YouTube contestant Rumble sues Google over video rankings

The video-sharing platform Rumble is suing Google, accusing the YouTube owner of abusing its power in the search and mobile market by promoting its own platforms.

According to the Wall Street Journal, the Canadian Rumble, has accused Google of ‘unfairly targeting its search algorithm’ and preferring video content offered on YouTube over competing platforms. Rumble has become a popular video hosting platform for conservatives in the US who claim that the established technology platforms are engaged in censorship.

Rumble’s decision to sue Google comes as pressure has been put on the technology giant over the past few months over antitrust issues. This lawsuit argues that it’s unfair to pre-install YouTube on many mobile devices, including Google’s own Android operating system, as it diverts potential traffic from YouTube’s competitors.

The lawsuit states that “through its search engine, Google could illegally drive large amounts of traffic to YouTube, depriving Rumble of the additional traffic, users, uploads, brand awareness and revenue it would otherwise receive.”
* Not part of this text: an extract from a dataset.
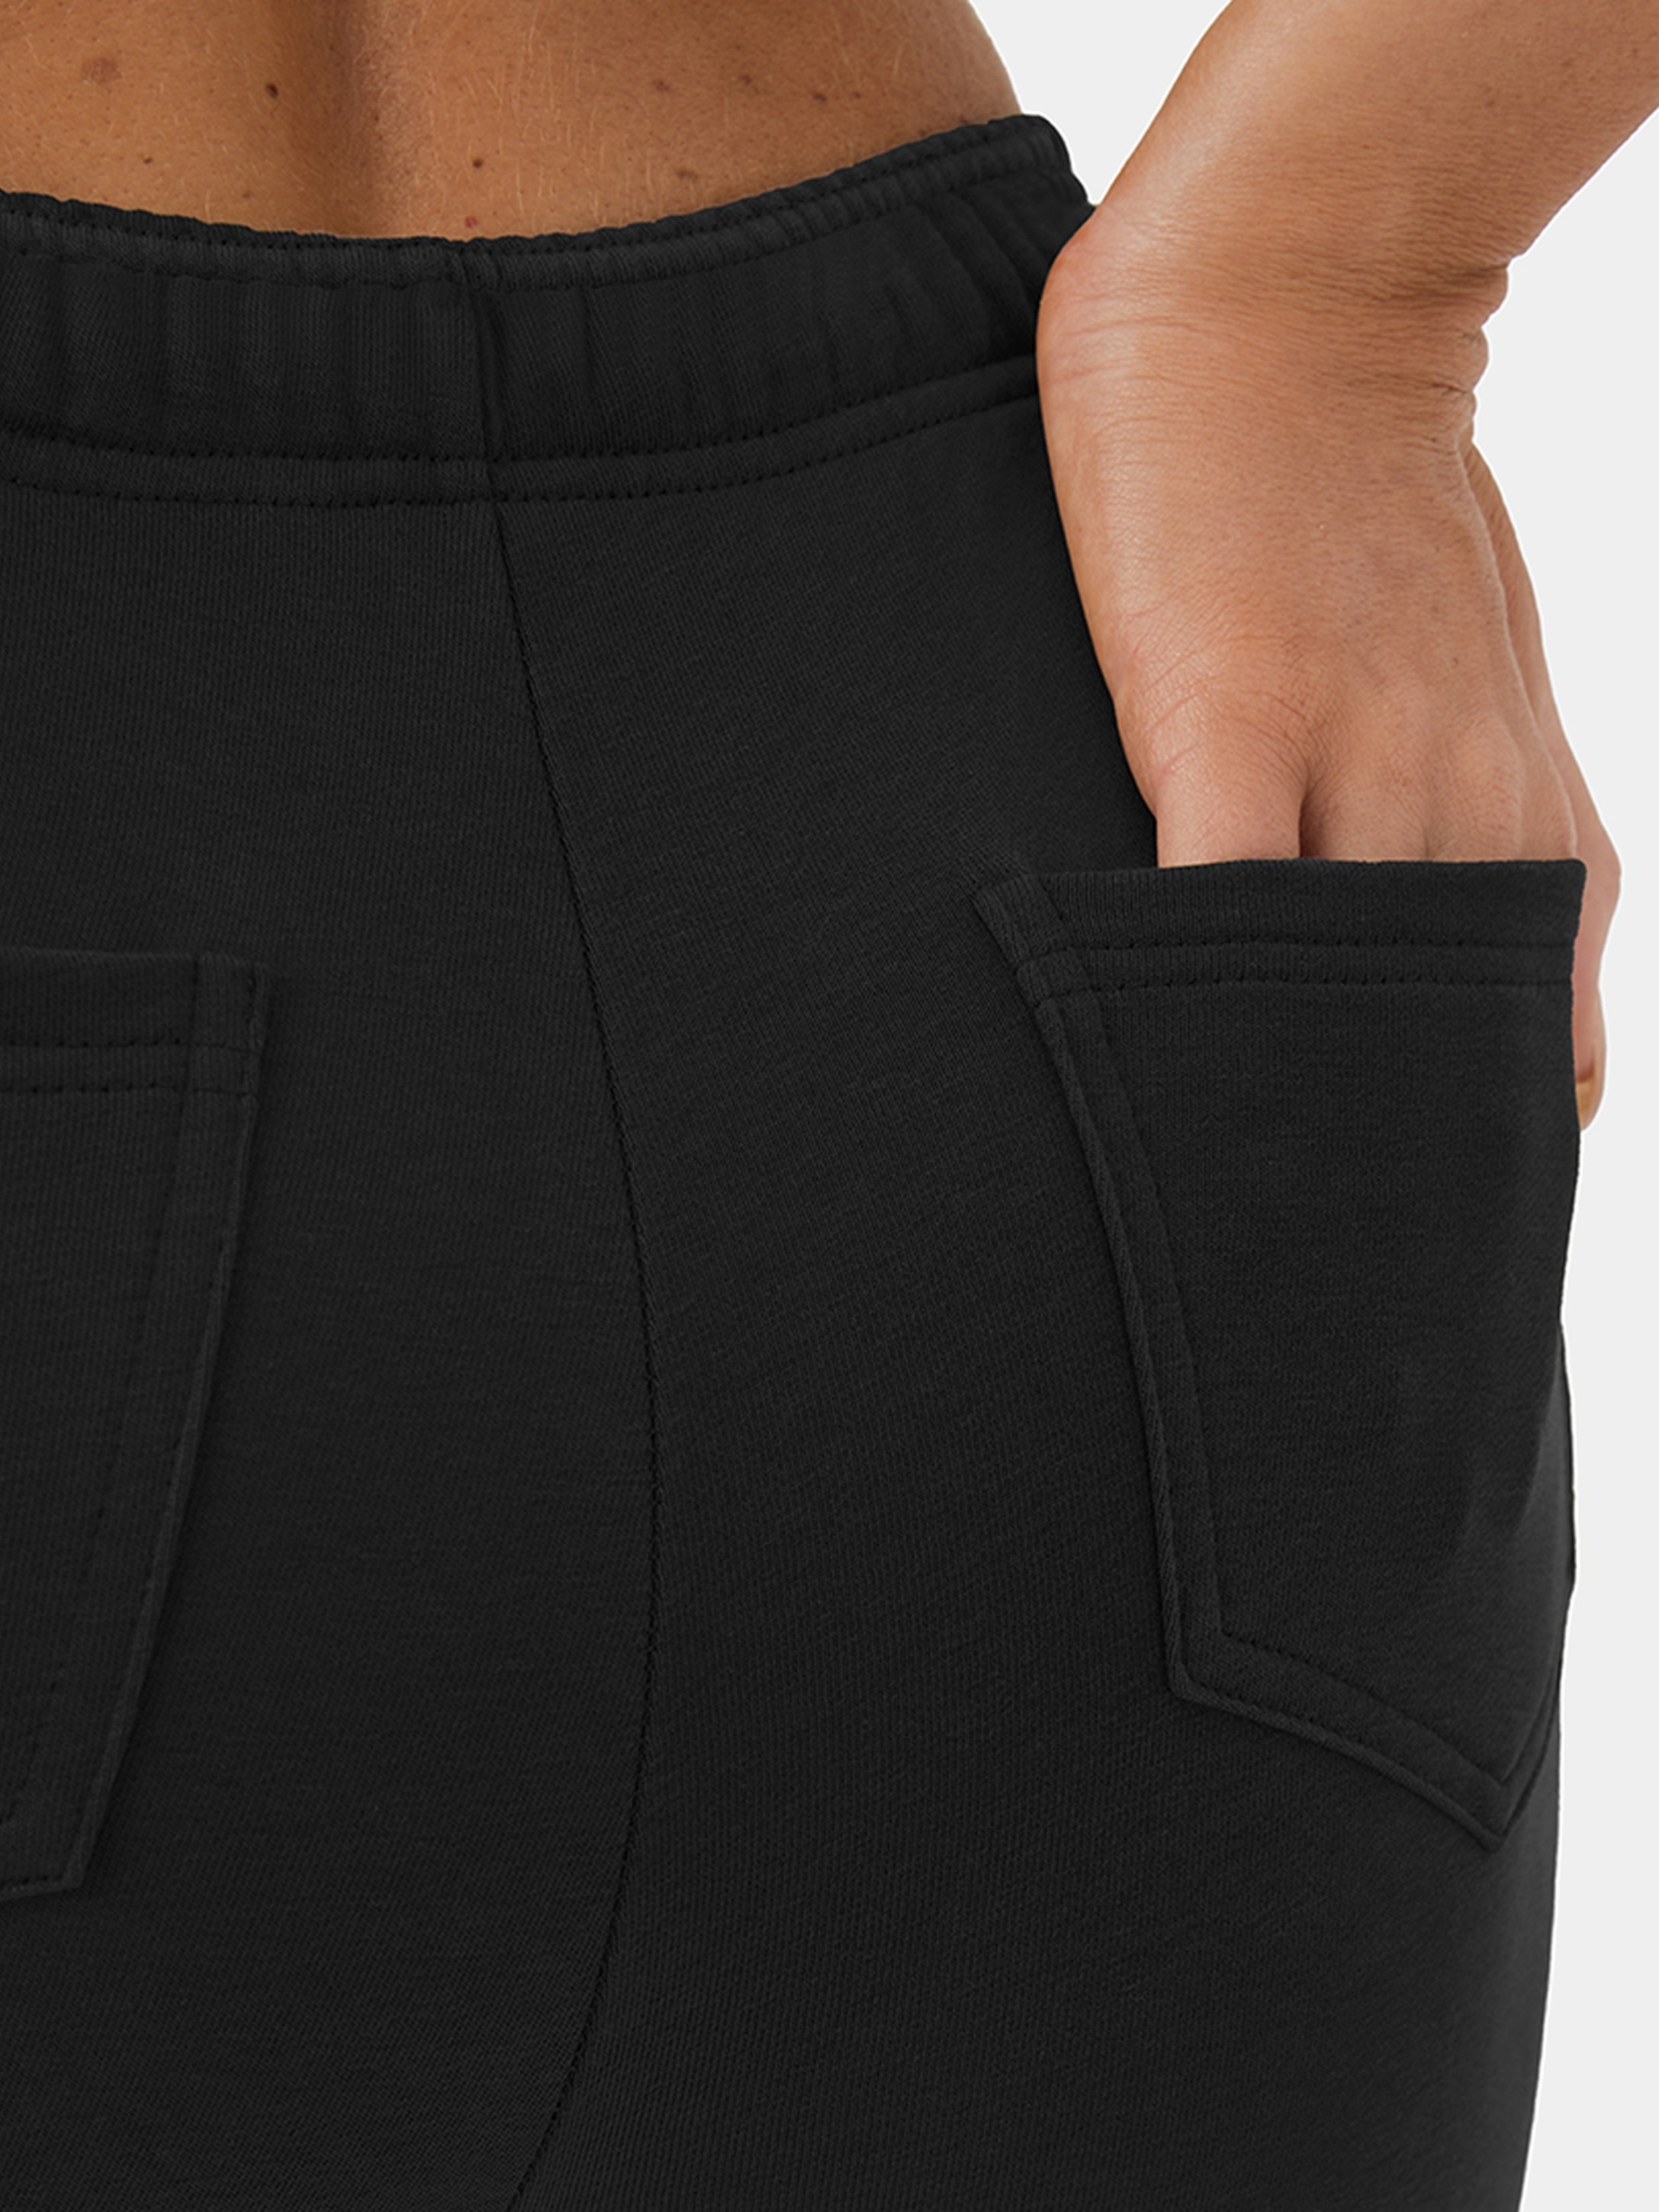 Lululemon Black Pants Women's 2 Small Elastic Waist Drawstring Front Pockets

A Google spokesman said WSJ that they will “defend us against these unfounded claims.” A previous investigation by the WSJ found that Google’s own search results often favor videos presented on YouTube over those of competing platforms. This is apparently the basis for Rumble’s decision to sue the search giant.

In response to this prior investigation, Google has suggested that YouTube content will not be preferred over other platforms or providers within Search.

The bulk of Rumble’s earnings come from licensing video content. Rumble claims that syndicated videos presented on YouTube have been viewed more than 9.3 billion times since 2014, generating $ 4.3 million in advertising revenue. Much of the basis of this lawsuit depends on the principle that, although not all views would be counted on their dedicated platform, a portion would have been if Google had not preferred YouTube content over Rumble content.

The Canadian firm also made the bold claim that advertising revenue lost due to possible “missing” views would yield “more than more than $ 2 billion”.